Applies to: System Center Configuration Manager (Current Branch)

You can schedule and run WSUS cleanup tasks from the Configuration Manager console from the Software Update Point Component properties. When you first select to run the WSUS cleanup task, it will run after the next software updates synchronization.

To schedule and run the WSUS cleanup job

Schedule the WSUS cleanup job by running the following steps:

  1. In the Configuration Manager console, navigate to Administration > Overview > Site Configuration > Sites.

  2. Select the site at the top of your Configuration Manager hierarchy.

  3. Click Configure Site Components in the Settings group, and then click Software Update Point to open Software Update Point Component Properties.

  4. Review the Supersedence behavior. Modify the behavior if needed.

    supersedence behavior screenshot

  5. Click the Supersedence Rules tab, select Run WSUS cleanup wizard. In version 1806, the option is renamed to Run WSUS cleanup after synchronization.

  6. Click OK (Click Close if you're running version 1806).

WSUS cleanup behavior in version 1802 and earlier

Before Configuration Manager version 1806, the WSUS cleanup option runs the following item:

  • The Expired updates option from the WSUS cleanup wizard on the top-level site's WSUS server only.

    WSUS expired update cleanup screenshot

  • A cleanup for software update configuration items in the Configuration Manager database occurs every seven days and removes unneeded updates from the console.

    • This cleanup won't remove expired updates from the Configuration Manager console if they're currently deployed.

Additional maintenance is still needed on the top-level WSUS database and all other WSUS databases in the environment. For more information and instructions, see The complete guide to Microsoft WSUS and Configuration Manager SUP maintenance blog post.

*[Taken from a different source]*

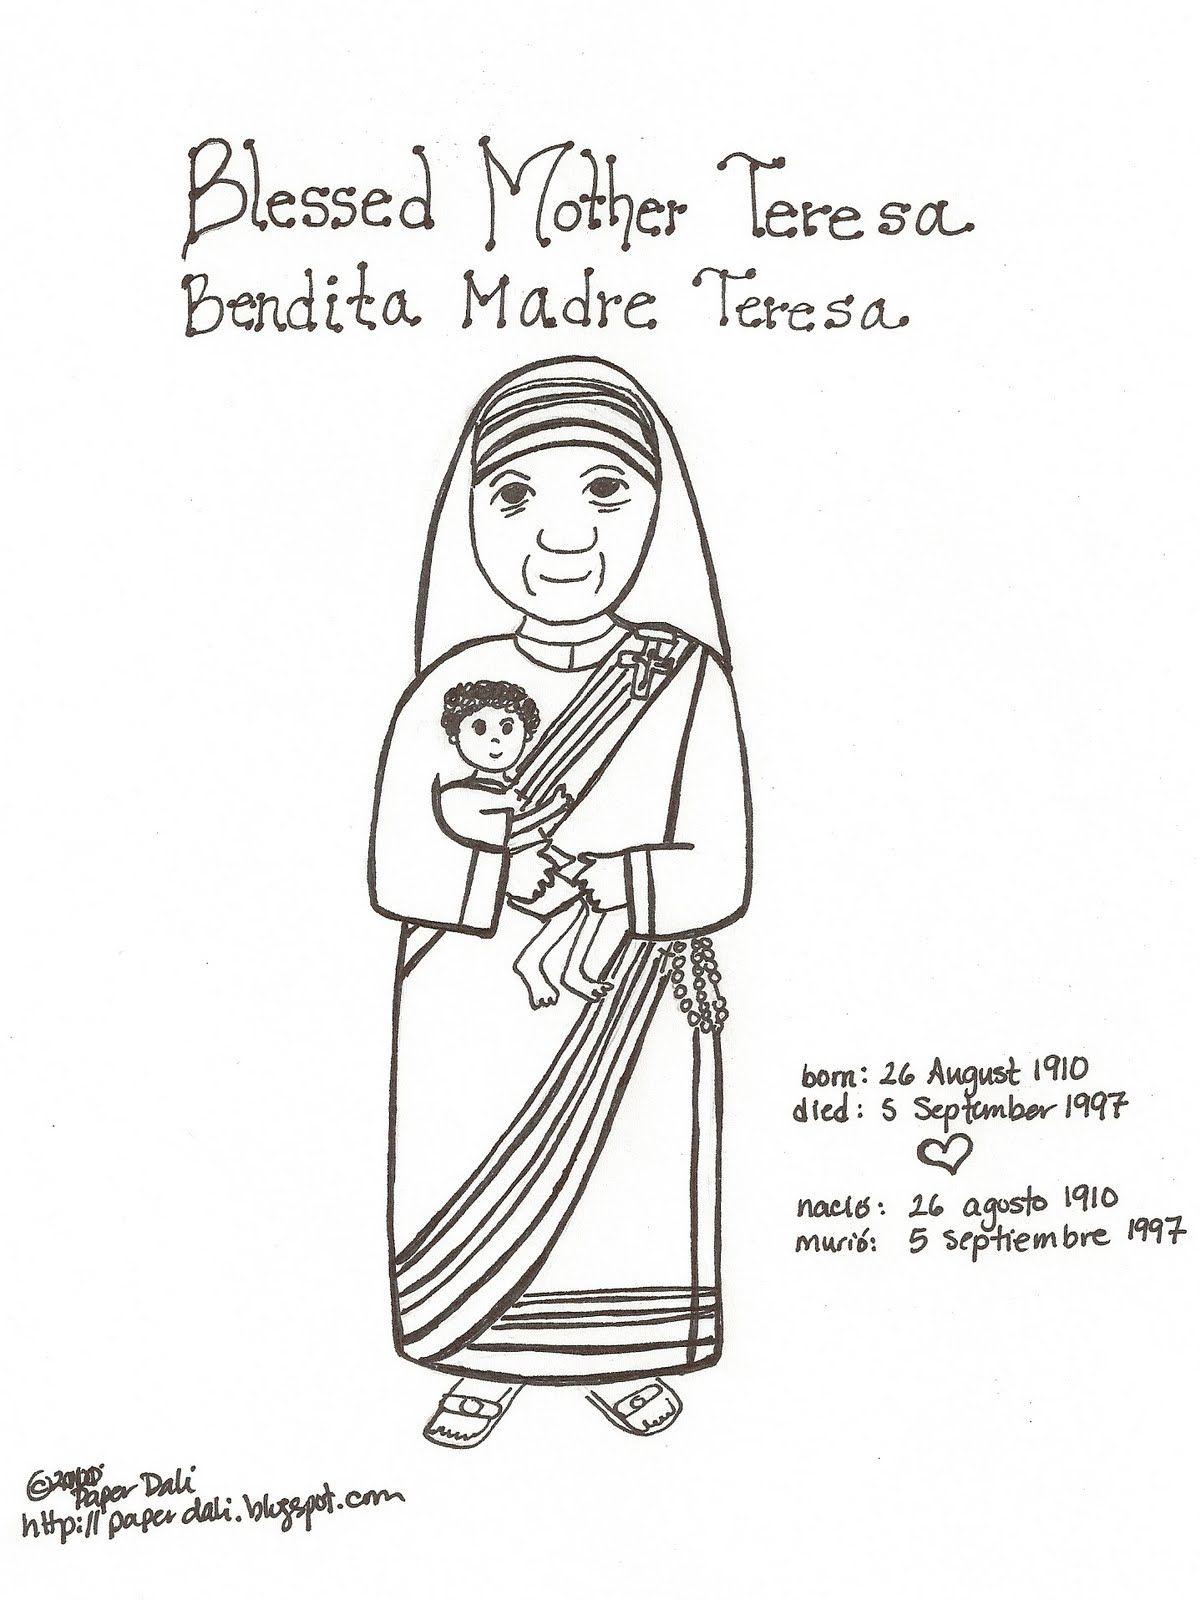 Paper Dali Blessed Mother Teresa Of Calcutta Bendita
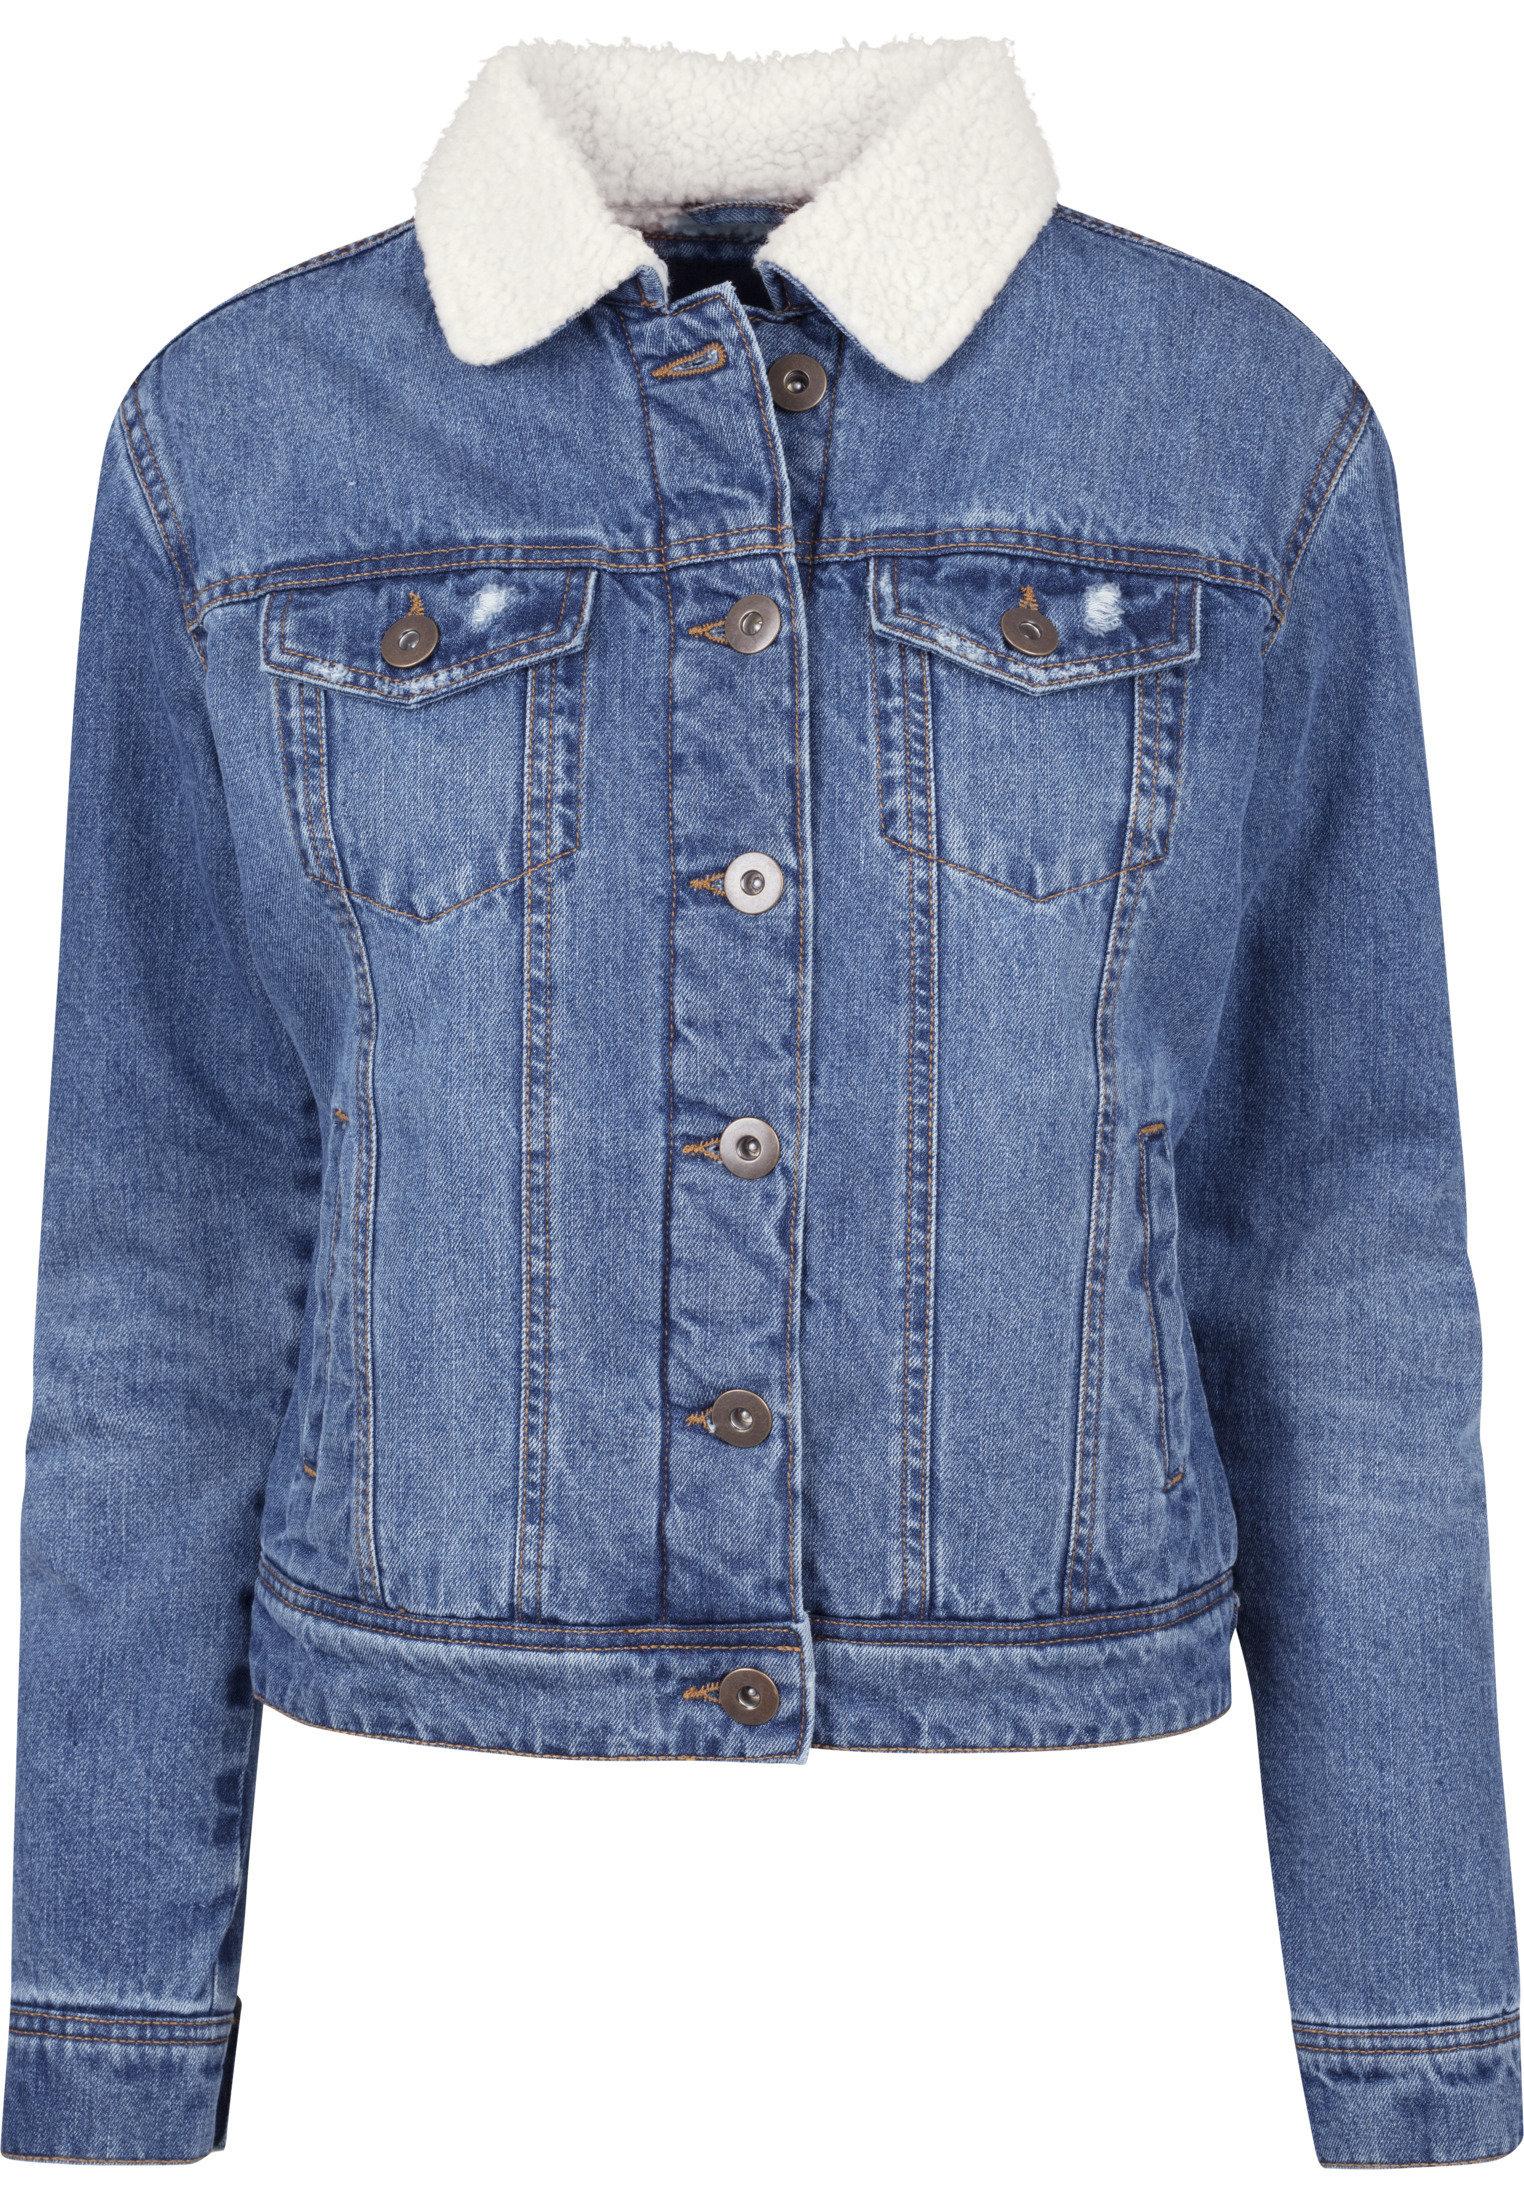 Veste en jean sherpa femme URBAN CLASSICS bleu washed urban classics-sherpa jean femme blue washed

WSUS cleanup behavior starting in version 1806

Starting version 1806, the WSUS cleanup option occurs after every sync and does the following cleanup items:

  • The Expired updates option for WSUS servers on CAS and primary sites.
    • WSUS servers for secondary sites don't run the WSUS cleanup for expired updates.
  • Configuration Manager builds a list of superseded updates from its database. The list is based on the supersedence behavior in the Software Update Point component properties.
    • The update configuration items meeting the supersedence behavior criteria are expired in the Configuration Manager console.
    • The updates are declined in WSUS for CAS and primary sites but not for secondary sites.
  • A cleanup for software update configuration items in the Configuration Manager database occurs every seven days and removes unneeded updates from the console.
    • This cleanup won't remove expired updates from the Configuration Manager console if they're currently deployed.

Note

The "Months to wait before a superseded update is expired" is based on the creation date of the superseding update. For example, if you use 2 months for this setting, then updates that have been superseded will be declined in WSUS and expired in Configuration Manager when the superceding update is 2 months old.

All WSUS maintenance needs to be run manually on secondary site WSUS databases. The following WSUS Server Cleanup Wizard options aren't run on the CAS and primary sites:

WSUS cleanup behavior starting in version 1810

Starting version 1810, you can specify supersedence rules for feature updates separately from non-feature updates in the Software Update Point component properties. The WSUS cleanup option occurs after every sync and does the following cleanup items:

  • The Expired updates option for WSUS servers on CAS, primary, and secondary sites.
  • Configuration Manager builds a list of superseded updates from its database. The list is based on the supersedence behavior in the Software Update Point component properties.
    • The update configuration items meeting the supersedence behavior criteria are expired in the Configuration Manager console.
    • The updates are declined in WSUS for CAS, primary, and secondary sites.
  • A cleanup for software update configuration items in the Configuration Manager database occurs every seven days and removes unneeded updates from the console.
    • This cleanup won't remove expired updates from the Configuration Manager console if they're currently deployed.

Note

The "Months to wait before a superseded update is expired" is based on the creation date of the superseding update. For example, if you use 2 months for this setting, then updates that have been superseded will be declined in WSUS and expired in Configuration Manager when the superceding update is 2 months old.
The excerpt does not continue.